Haskell and Scala have static typing instead (and therefore need much less unit tests).
"practicality beats purity."
I have no idea which and how many startups use Clojure, besides Datomic :) It would be interesting to know.
Unfortunately I can't share any personal experience as the core of my work is in the Enterprise so I haven't had the right opportunity to present itself. But if you're coming from a mathematical background you should check it out
People actually use it? It seems abandoned and the link to homepage broken: https://pypi.python.org/pypi/typecheck. I'm asking because I'd really like the idea of starting a project the dynamic typing way and then bolting on a (semi)-static type system on top once more new programmers join the game, preferably being able to completely disable it on production machines for best performance.
[1]: http://cython.org/
Funny. I feel exactly the opposite. Static typing is false security.
I program in JS. My coworkers in Java. They have so many bugs that make it to prod because they assume that just because it compiles it must therefore be safe.
In the former languages, you can encode many more attributes of a program into the type system, and so you can have check at compile-time many more invariants of your program - e.g. enforcing a function does no I/O, enforcing that all possibilities are handled when pattern matching, enforcing the equivalent of nullptr checking, etc.
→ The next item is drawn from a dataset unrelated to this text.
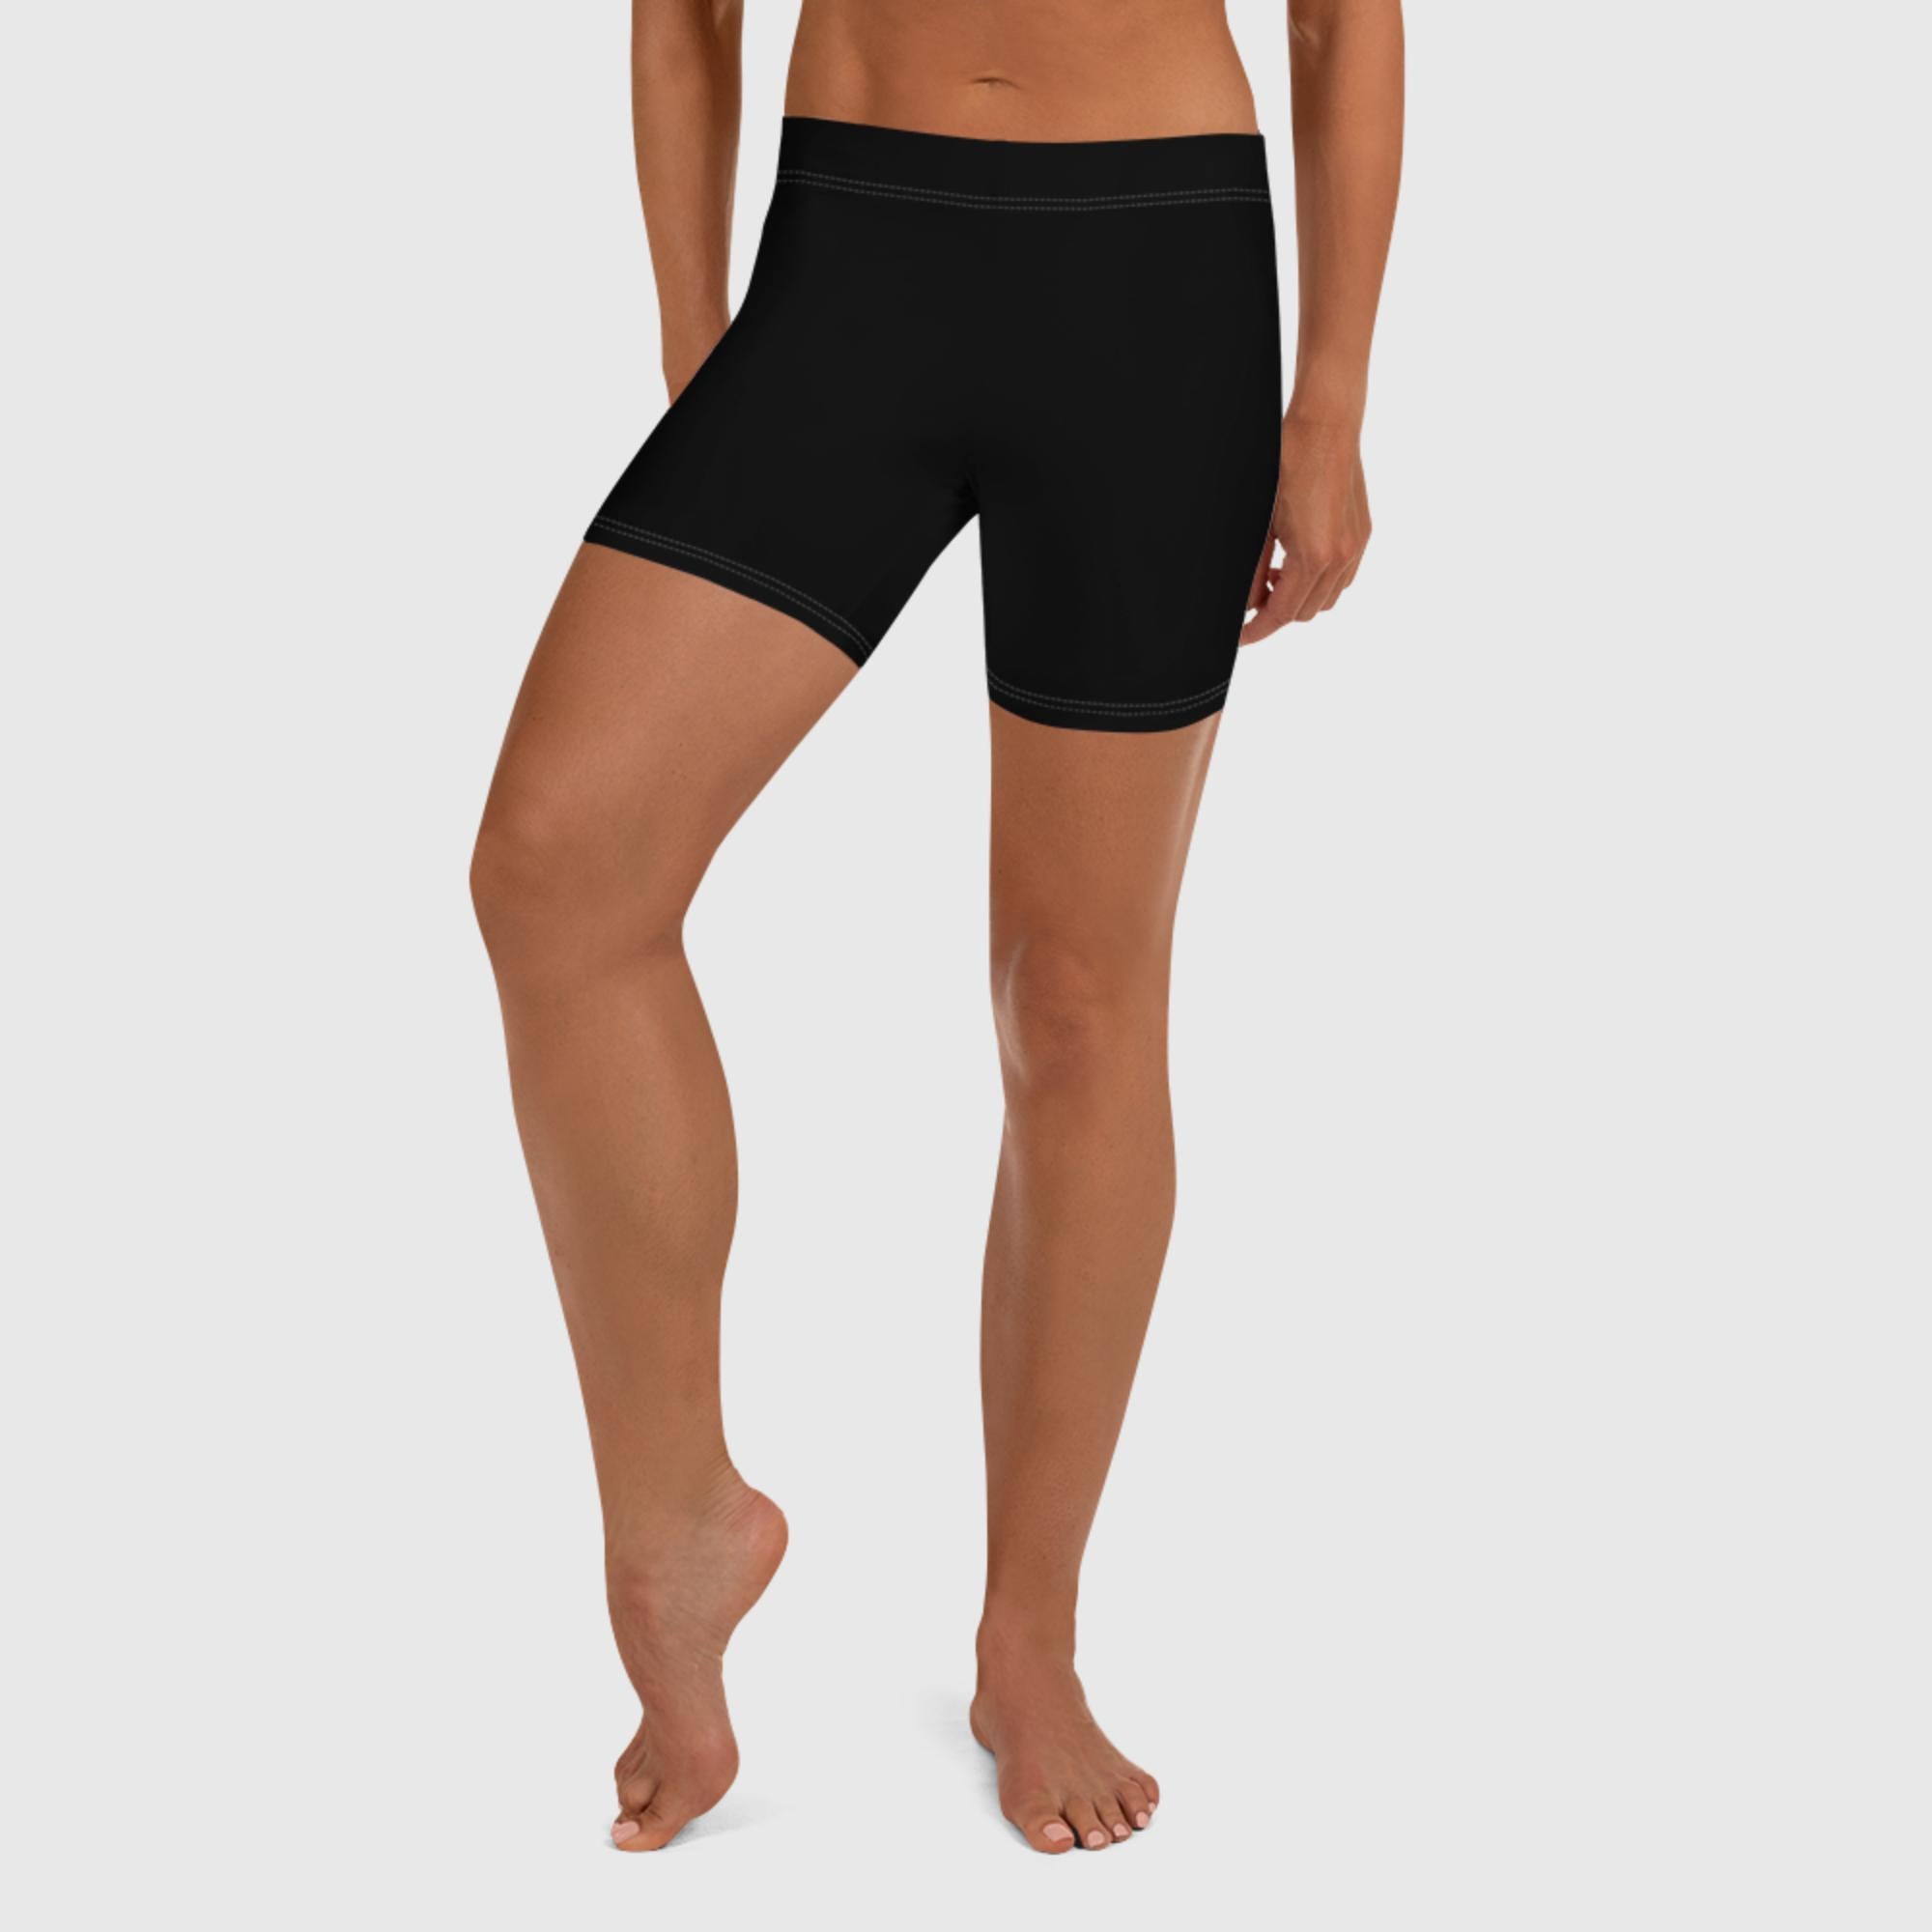 Women's Shorts - Black - Sunset Harbor Clothing

In languages like C++, there are techniques you can apply to allow the type system to help you out a bit (see this talk by Jordan DeLong for some examples [1]), but in general, the guarantees you get from a non-HM type system are weaker than those from one, and so the notion of successfully passing type-checking is correspondingly weaker.
Good type systems can catch far more bugs than you imagine. Moreover, they can actually make writing code easier: there are some extremely valuable and expressive features like typeclasses that simply cannot be reproduced in a dynamically typed language.
The problem is not how to make something compile, regardless of how complex the types are. The problem is how to do the right thing. It is not enough to return a string - you must return the correct string, and that is not normally not something a type can solve for you. I suppose you may solve that problem too in haskell, but then you will get bugs in the type definition instead. TANSTAAFL.
I use Ruby and JavaScript professionally. I do like Ruby for a number of reasons, and JavaScript I can at least live with. But in both languages, I constantly find myself spending tons of time tracking down bugs that would have been discovered right away if I had Haskell's type system at my disposal.
Attributing your coworkers' "if it builds, it works" assumptions to static typing strikes me as incorrect. Static typing, at least in Java, ensures only a (relatively) small set of conditions are true; I don't think you can really blame that for increased/additional assumptions on the part of sub-par programmers.
I've found that debugging in a dynamic environment is great for managing types in a well architected system. It falls down in a poorly architected one, in ways that static typing would not ave allowed. However, in such systems, "it compiles so it must be correct," programmers just get stuck in deeper snow.